Он был так возбужден, что не сразу отреагировал на зуммер вызова: ожил дистанционный терминал. Удобная штука, терминал позволял пилотам пользоваться мощным бортовым оборудованием связи «Счастливого», находясь в нескольких километрах от планетолета.
– Да! Да! Слушаю! – закричал Нарзоев в трубку с раздражением человека, которого непрошеный звонок оторвал от важного разговора с интересным, обаятельным собеседником (чего и в помине не было). Пилот, похоже, не сразу сообразил, что появилась та самая долгожданная связь, отсутствие которой вызвало столько малоосмысленной болтовни.
– Не понимаю! Говорите по-русски!.. Ч-черт… Как будет по-испански «говорите по-русски»? – Это Башкирцеву.
– Что-то там эн руссо… халар… хавлар… Хаблар эн руссо, да.
– Но рекогнисьо! Хаблар эн руссо!
– Что вы фантазируете?! – воскликнул Башкирцев. – Какое еще «рекогнисьо»?! «Понимать» – это «компренде»! Дайте мне!
– Идите на хер и там погибните! Я из-за вас координат не расслышал! – заорал на него Нарзоев.

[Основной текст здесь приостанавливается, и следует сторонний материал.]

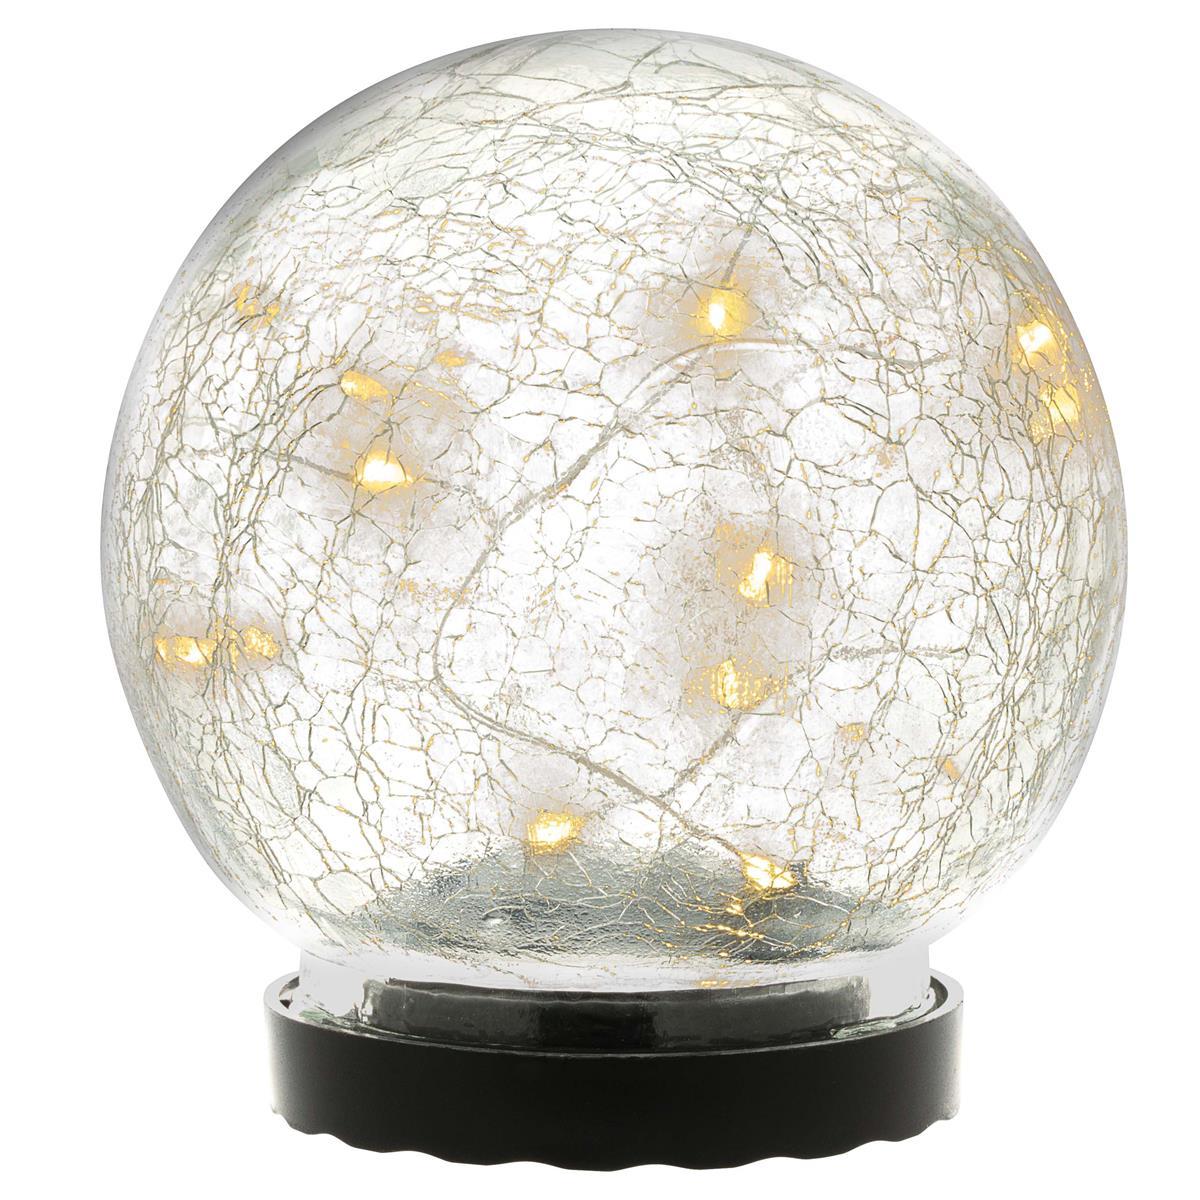 Solarleuchte mit Glaskugel 10 LED warm weiß Solarlampe 11 cm

И, отойдя на несколько метров в сторону, вдруг заговорил совершенно новым, деловым тоном:
– Да. «Счастливый», служебный планетолет РАН… Да, «Блэк Вельвет». Записываю… Аш тысяча, подтверждаю… Не понял, повторите… Наклонение восемь, подтверждаю… Фи сорок четыре ноль пять… Имеются… Деревня, то есть лагерь археологов… И база Альта-Кемадо… Кажется, уничтожена полностью…
При этом, задрав голову, Нарзоев шарил глазами по небу, будто бы именно там находился его собеседник. Вообще-то так и было, но бледный от возмущения Башкирцев (которого не посылали по старинному русскому адресу уже лет сорок) решил, что пилот окончательно свихнулся. Его даже посетило подозрение, не является ли беседа Нарзоева чистой симуляцией, не говорит ли пилот в мертвую трубку.
Но тут Нарзоев посмотрел в сторону моря… и профессор, проследив его взгляд, был вынужден признать, что у него разыгралась мнительность!